Real bands are hard to find nowadays, but Randy is definitely the real deal. When members in other bands happily avoid each other after a long tour, Randy go on vacation together. They are their own family, their own subculture that would take a sociologist (or a psychologist) months to examine. That’s why the title of their new, sixth album is a well chosen one: Randy the Band.
Randy is a band in the way that you can only be if you have grown up in a no-hope small-town and played together since childhood. This has brought them the knowledge that nothing comes for free, and an ‘us versus them’-attitude that is still intact after all the years. Together they have walked the long road, from the DIY-gigs at the youth-centers in the north of Sweden, to becoming a well-renowned name in punk circles all over the world.

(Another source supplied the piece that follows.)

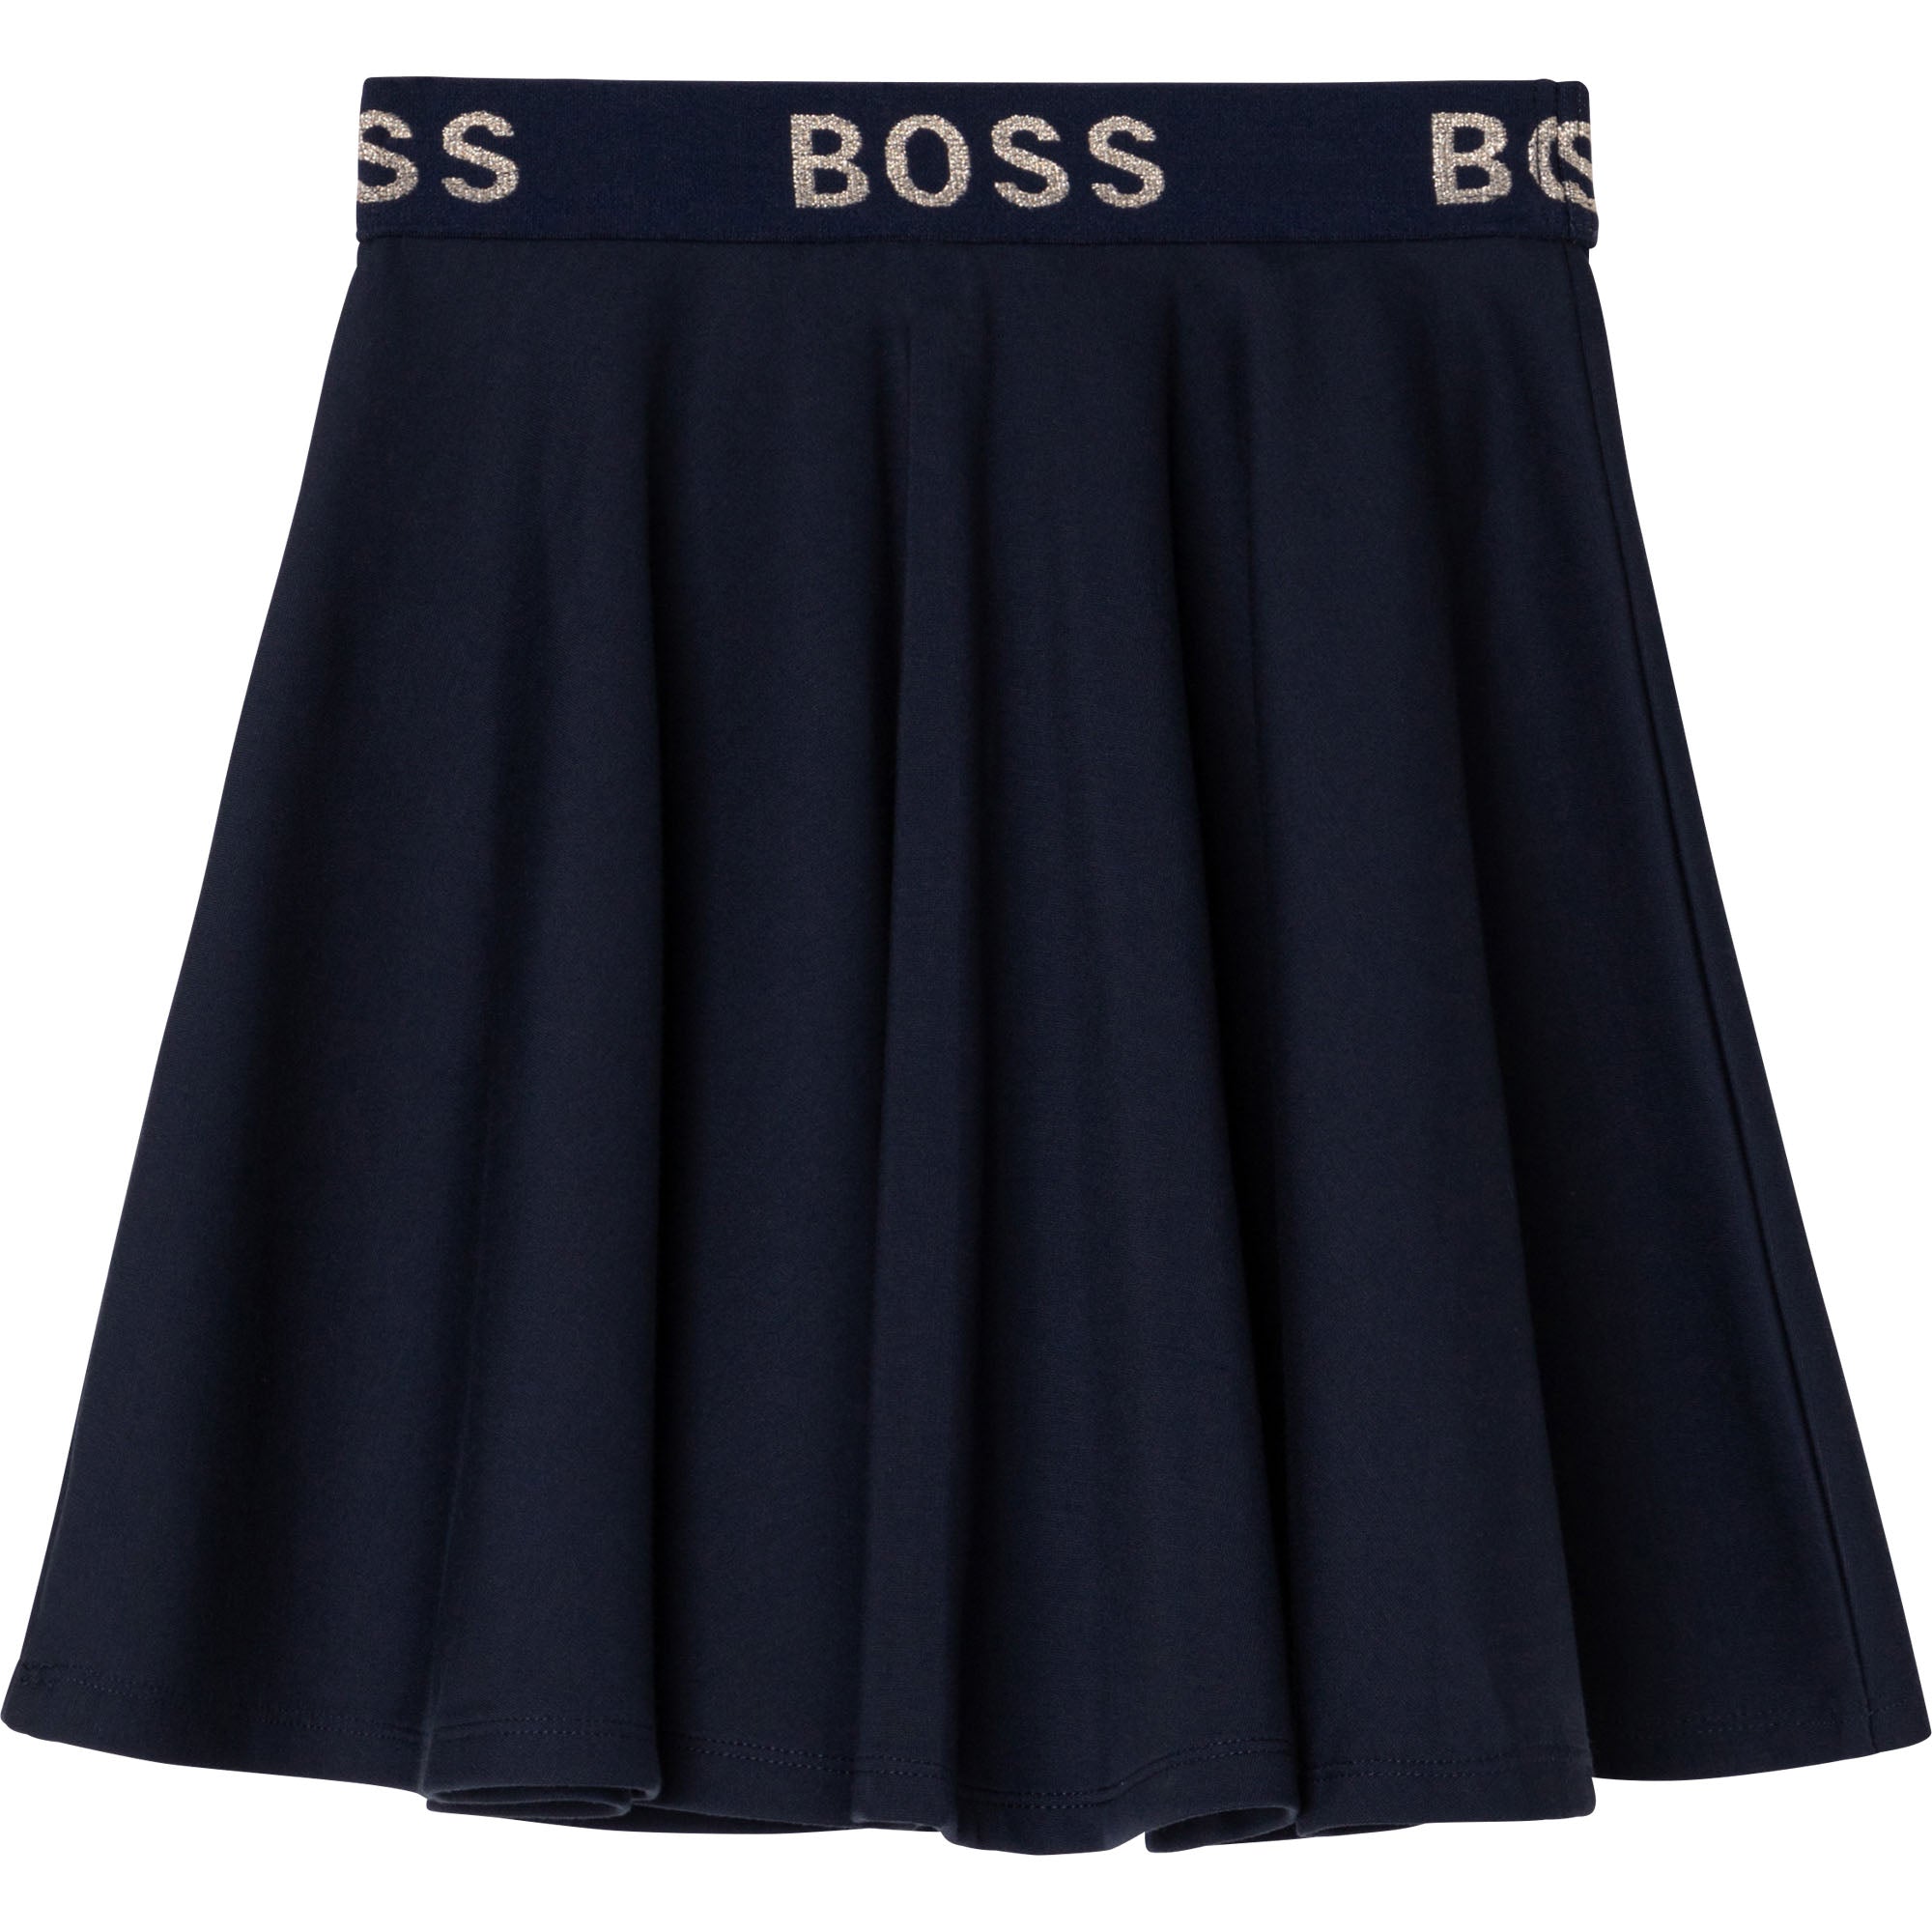 Girls Navy Pleated Skirt

Last year they played the Hultsfred festival, Sweden’s most important musical event, for the fifth (!) year in a row. It’s something that few bands can compete with, and says a lot about the status that Randy has achieved over the years in their native country. Even though they have never gone gold or platinum they have an immaculate reputation as performers. The Swedish national radio, P3, knew that when they nominated Randy for the prestigious Golden Michrophone (award for best live act) in 2004. The same year they also got nominated for a Swedish Grammy in the category of ‘Best Rock’, and also got another nomination for ‘Best Live Act’ at the independent Manifest Awards. They also got their first hit on Swedish radio, with ‘X-ray Eyes’, a song that was featured in the Swedish blockbuster movie ‘Smala Sussie’. As if all this wasn’t enough, they also recorded the song ’Don’t Let your Babies grow up to Be Punkrockers’, featuring longtime Randy-fan Fat Mike from NOFX on vocals.
They also continued to prove that they are one of the hardest working bands in showbiz, touring all over the map and doing several prestigious dates with bands like NOFX and Bad Religion. They also visited Japan for the first time and did their first real US tour, in the company of Hot Water Music and Bouncing Souls.
On Randy the Band, Randy shows their most melodic side. The aggressiveness from the last album, Welfare Problems has been put aside to some extent, in favour of self-adhesive sing-along-choruses in typical Randy fashion.
‘Razorblade’, ‘Bahnhof Zoo’, and ‘Punk Rock High’ are classic examples of high quality punk-pop, where singer Stefan Granberg has perfected not only his song writing, but also his tongue-in-cheek reflections of every day life. But most of all the record is a tribute to the band itself, and a tribute to the romantic feeling of being involved in a holy mission against the rest of the world.
‘The boys and me got some history/We’re a mystery/We’re still getting it on/Writing our songs/And still do everything that we can/sticking it to the man.’
‘Randy has always been around and will probably always be around’, Stefan once said at a concert. Reassuring words, and if they continue to glow like this they are more than welcome to keep on delivering albums for another twenty years.